------ Dataset records
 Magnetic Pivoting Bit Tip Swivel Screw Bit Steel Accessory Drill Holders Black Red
------------
------ Dataset records
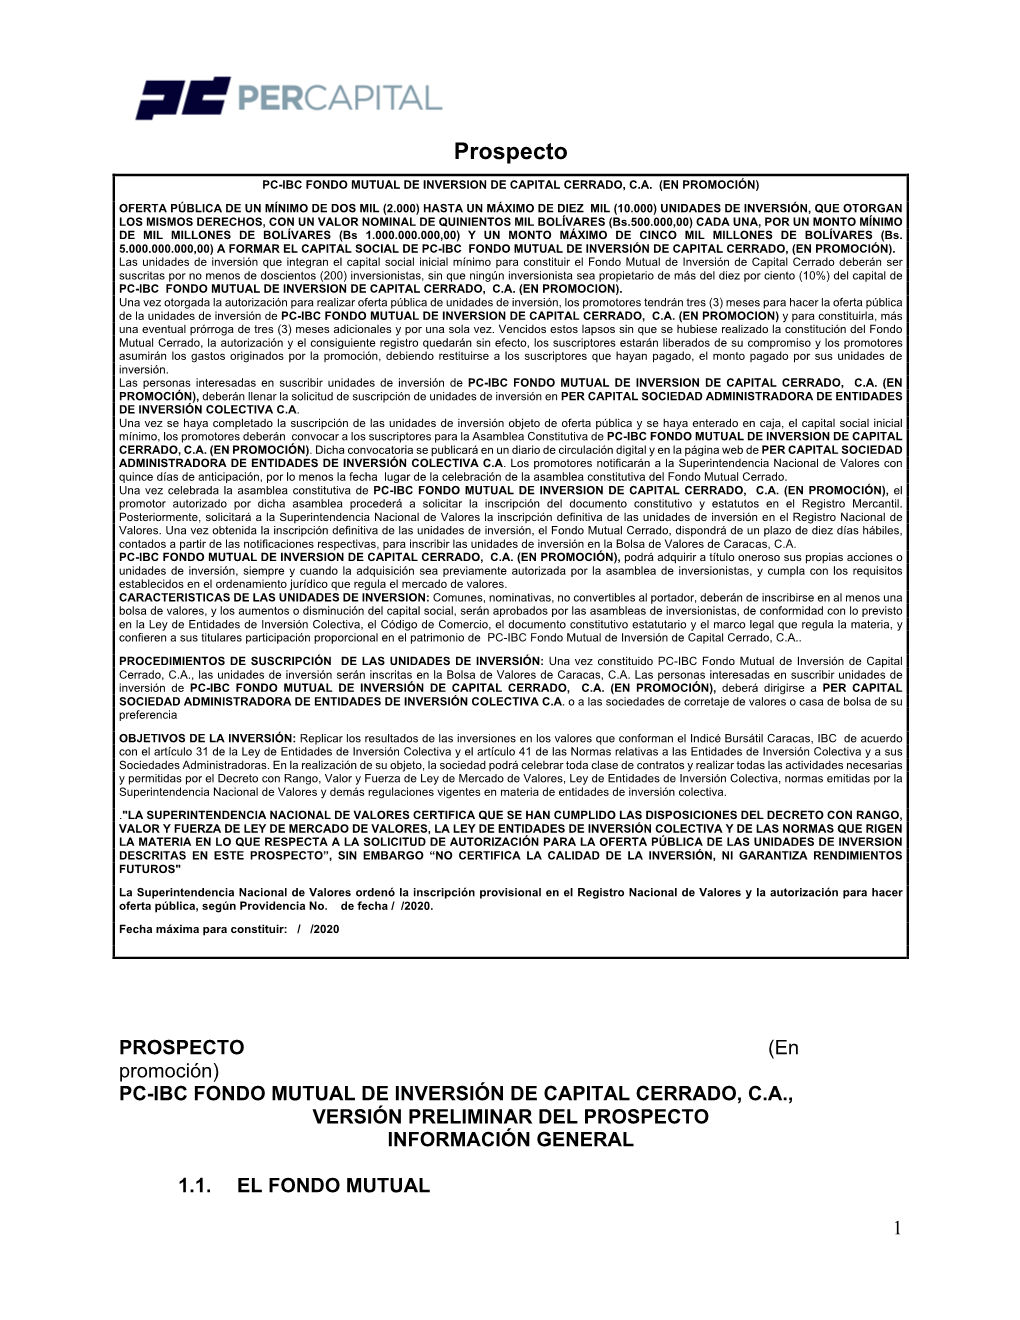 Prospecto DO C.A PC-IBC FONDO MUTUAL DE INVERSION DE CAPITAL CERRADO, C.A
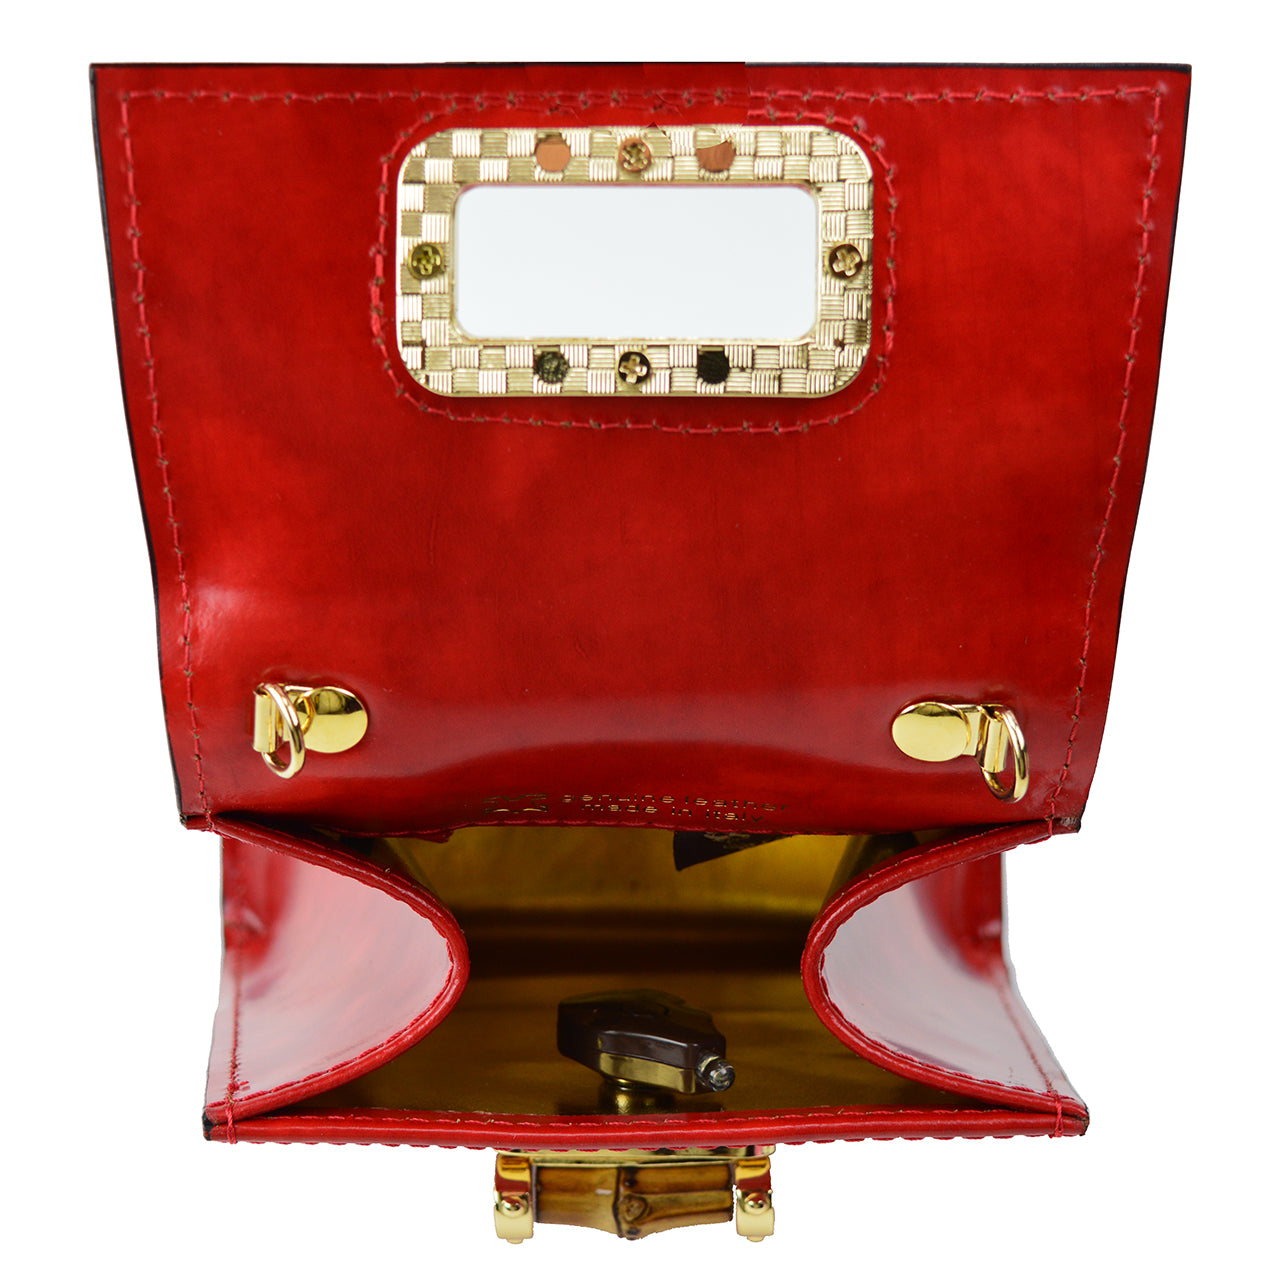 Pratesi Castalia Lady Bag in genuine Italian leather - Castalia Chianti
------------
------ Dataset records
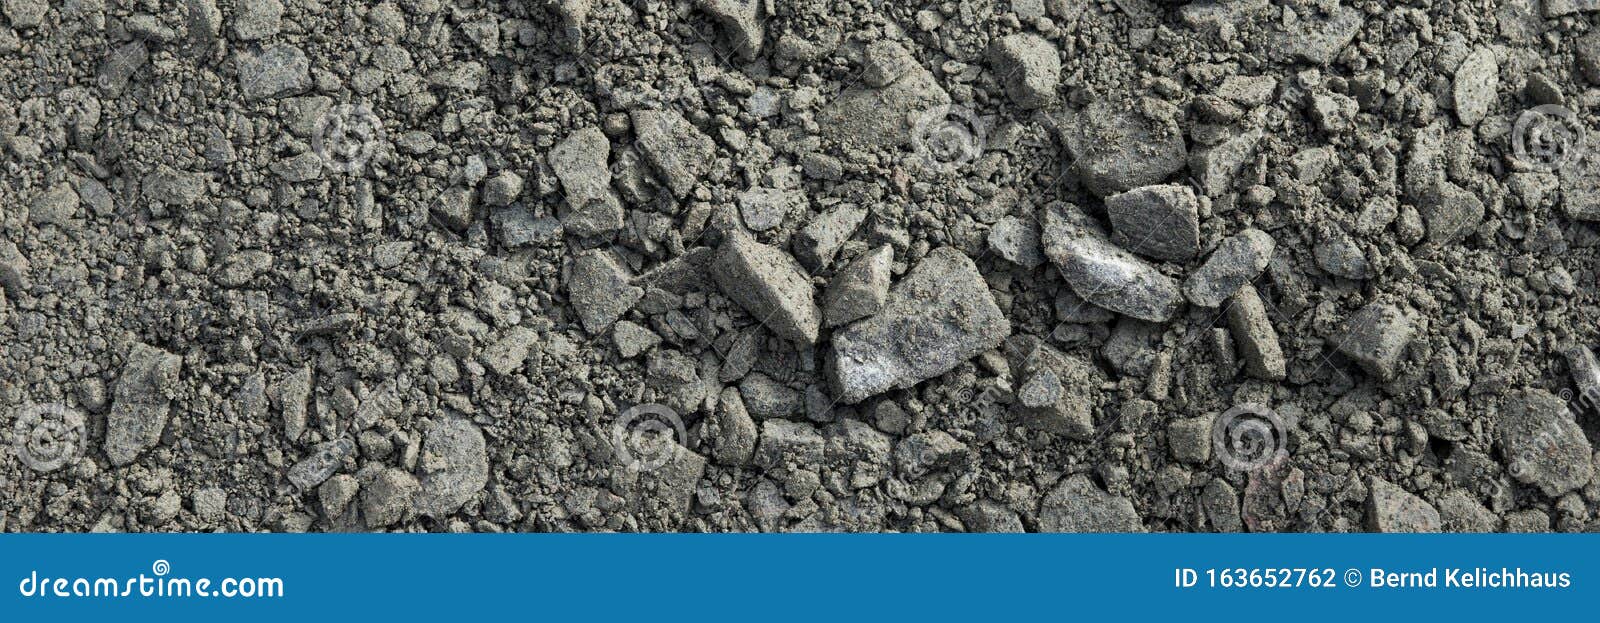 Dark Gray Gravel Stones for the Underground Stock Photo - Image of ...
------------
* [Exercise]:
Transcribe the lines above exactly, beginning at the one with "Prospecto DO C.A" and ending at the one with "Pratesi Castalia Lady". Include both; exclude the pictures.

* [Written answer]:
 Prospecto DO C.A PC-IBC FONDO MUTUAL DE INVERSION DE CAPITAL CERRADO, C.A
 Pratesi Castalia Lady Bag in genuine Italian leather - Castalia Chianti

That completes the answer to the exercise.